We have varied the background texture and texture-shape correlation of Geon3D and measured how such variation affects the relationship between 3D-based pre-training and adversarial robustness. Our results with Geon3D so far suggest that the benefit of 3D-based pre-training emerges in the setting of spurious correlation.

7. Experiments Using More Complex Objects: ShapeNet

7.1. Setup

We use ShapeNet [14] to evaluate the effect of 3D reconstruction pre-training on adversarial robustness under a shape distribution that is significantly more complex than Geon3D. Example images from ShapeNet are shown in Figure 3. We use the 13 most densely sampled shape categories from ShapeNet, as is commonly used in 3D reconstruction benchmarks. We perform 3D-based pre-training using the pixelNerf (PxN) model, which performs the basic task of 3D reconstruction more accurately than the DVR model on the ShapeNet dataset [38]. However, we note that we find similar results using DVR as the pre-training architecture (see Figure 7). After 3D-based pre-training, we sub-sample 130,000/13,000/13,000 images as training/validation/test splits for adversarial training. We also ensure that object instances that are used for 3D reconstruction do not overlap with validation and test splits for adversarial training, so that there is no data leakage from pre-training.

7.2. Results

Figure 6 shows the results of adversarial robustness on ShapeNet. In contrast to previous results, we can see that for both

L_{\infty}

and

L_{2}

threat models, 3D-based pre-training (PxN+AT) improves over vanilla AT, across the entire range of perturbation budgets. This suggests that as we increase the complexity of object shapes, the 3D-based pre-training more consistently yields better robustness.

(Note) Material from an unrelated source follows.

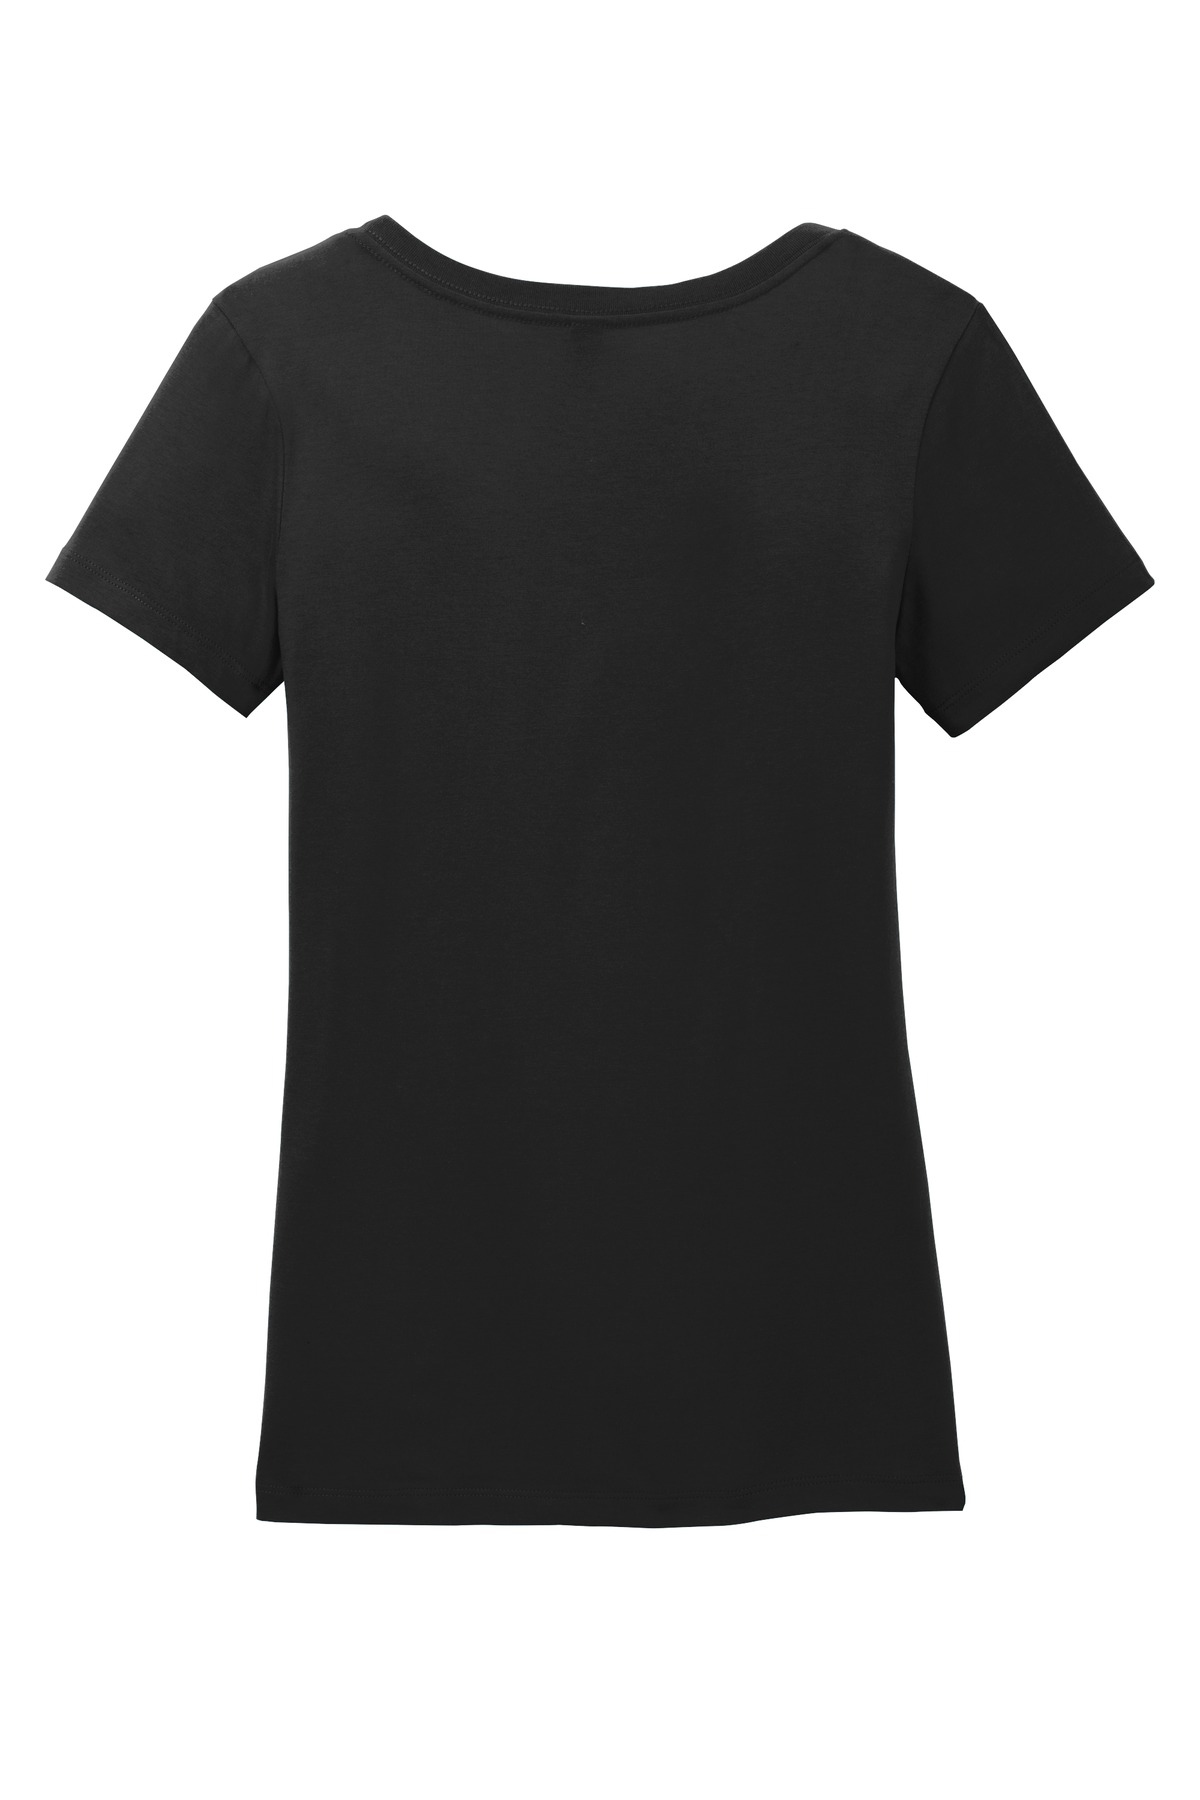 District ® Women’s Perfect Weight ® Scoop Neck Tee | Ring Spun | T ...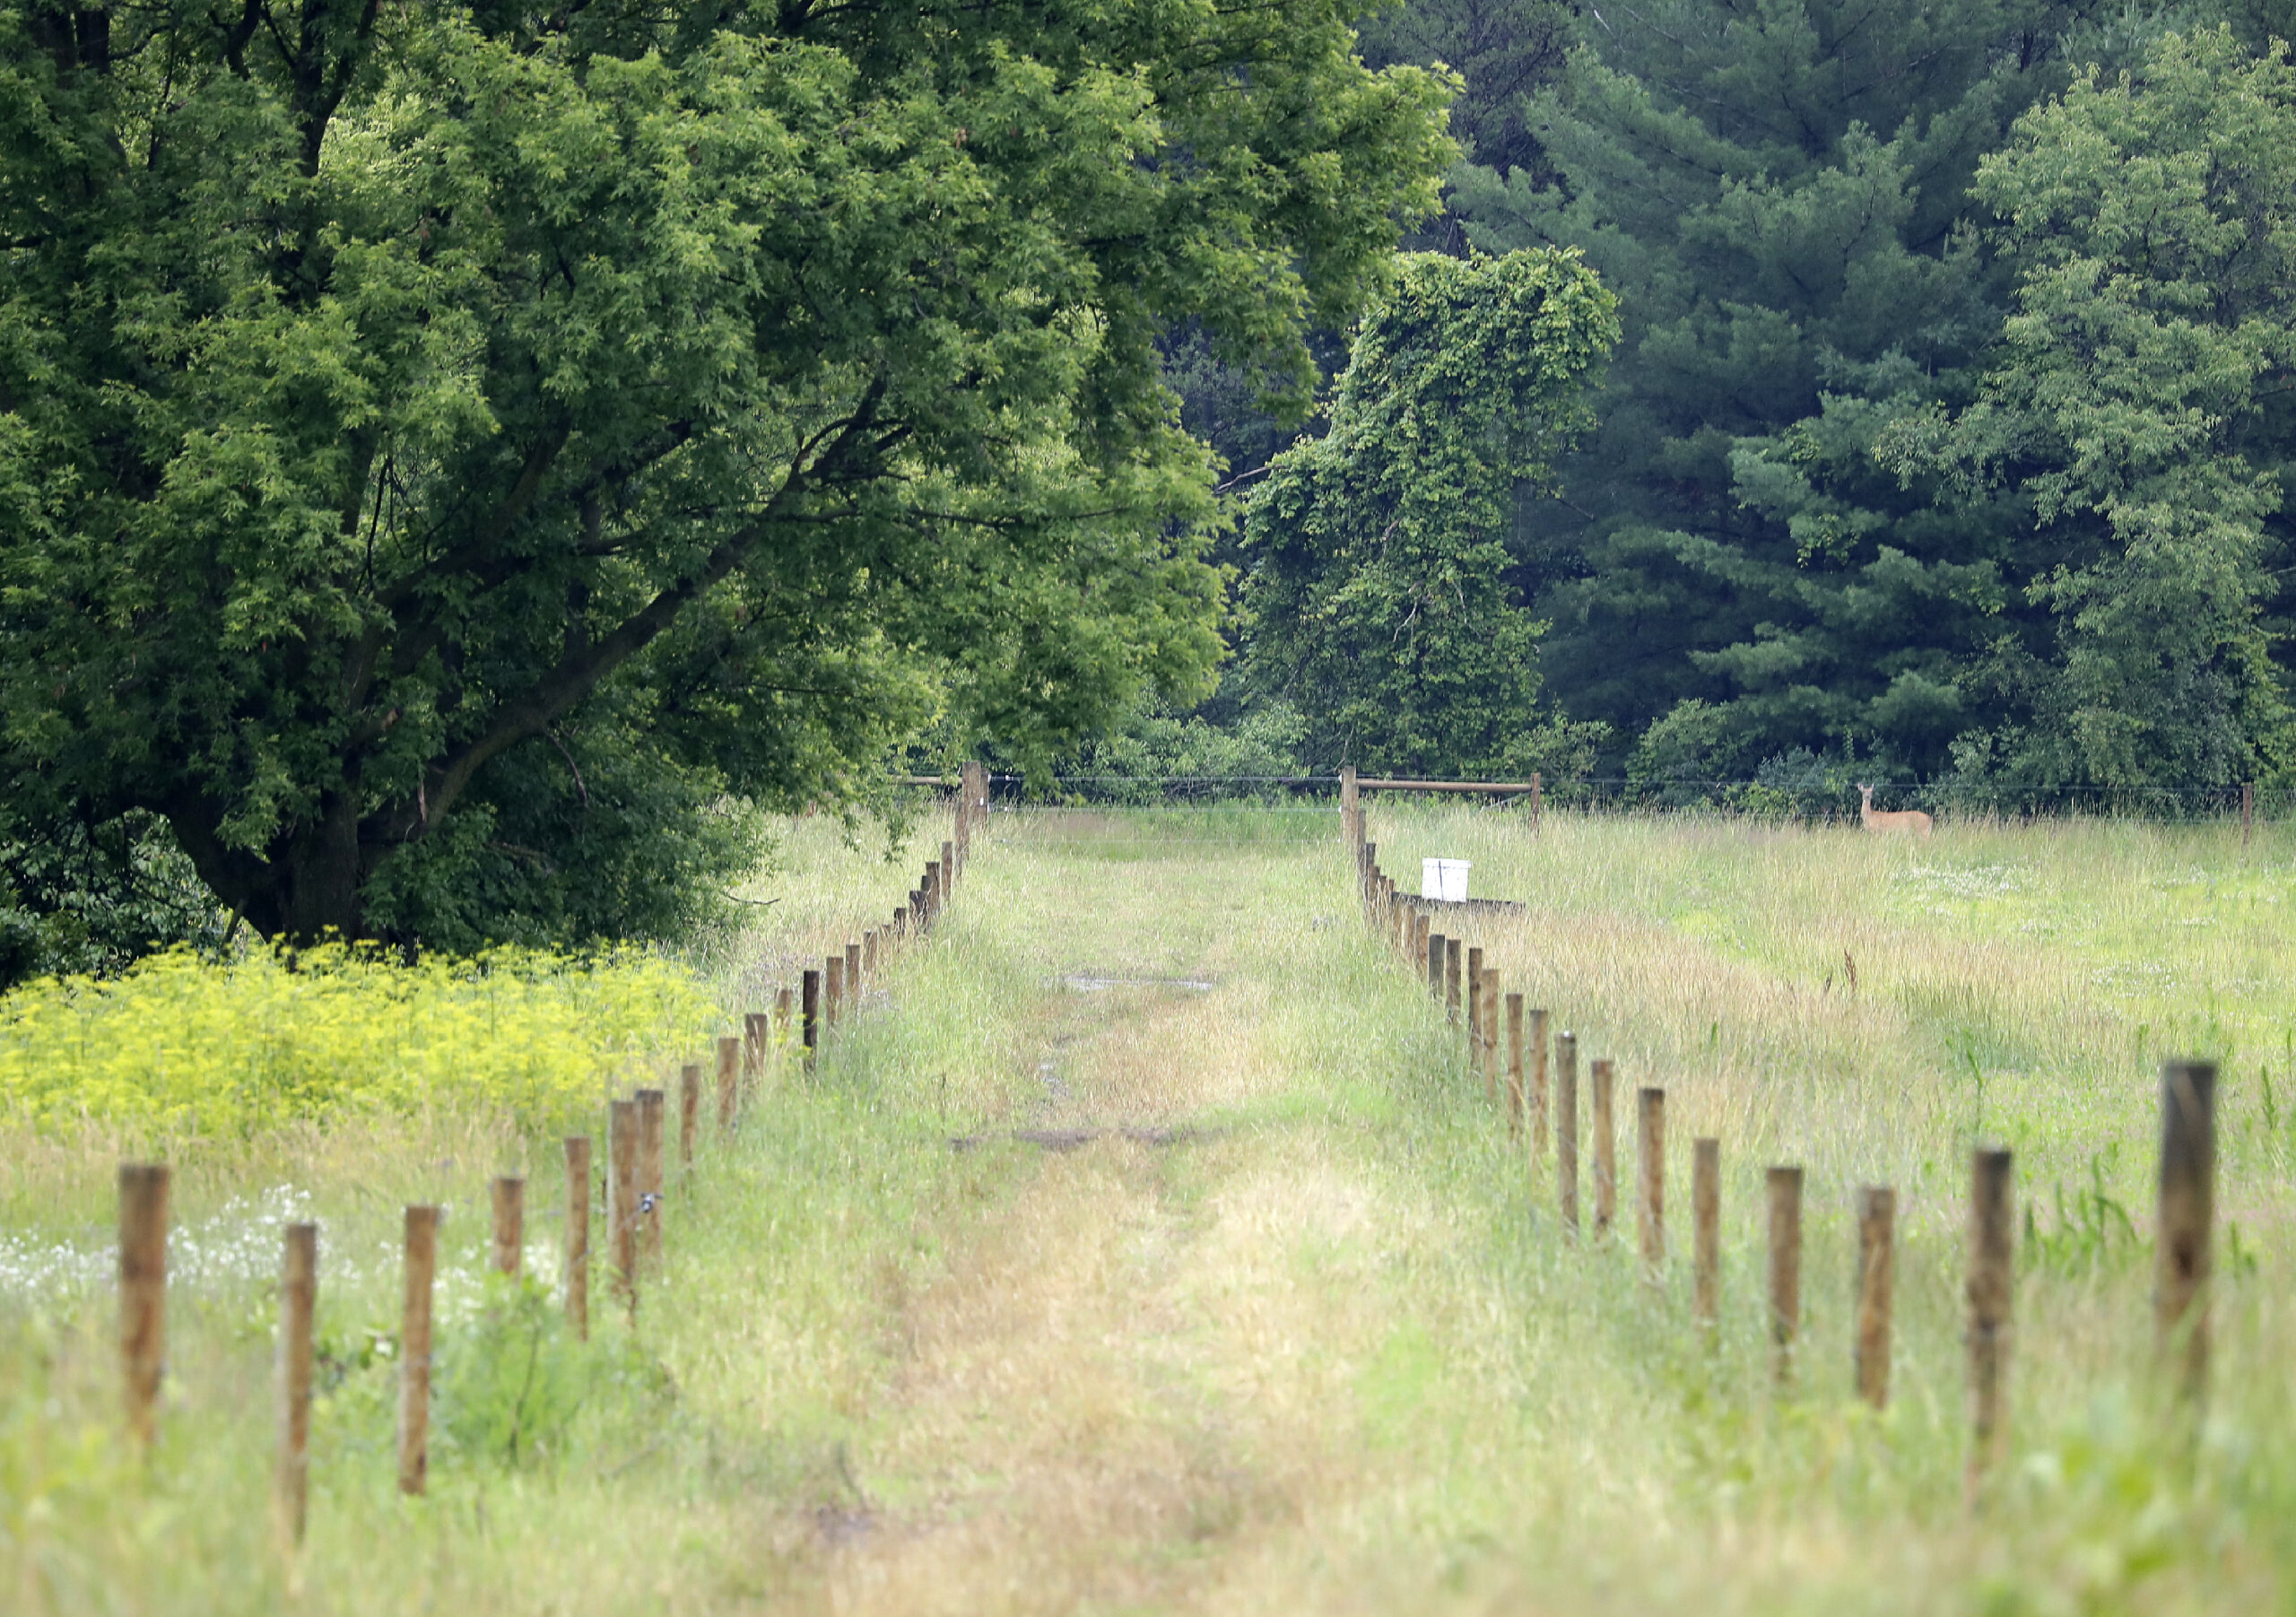 A lane created by a three-wire perimeter fence, left, and a single-wire interior fence on the Bouressa Family Farm in the Township of Royalton

7.3. Adversarial Robustness on ShapeNet

In Figure 7, we show additional results of adversarial robustness for both

L_{\infty}

and

L_{2}

threat models. In addition to PxN+AT, we include DVR+AT. We also include AE+AT and VAE+AT across the perturbations we tested. We see that 3D-based pre-training (PxN+AT and DVR+AT) outperforms 2D-based pre-training (AE+AT and VAE+AT) as we increase the magnitude of the perturbations

ϵ

.

Seen in Figure 8 are the reconstructed images of AutoEncoder and Variational AutoEncoder (VAE).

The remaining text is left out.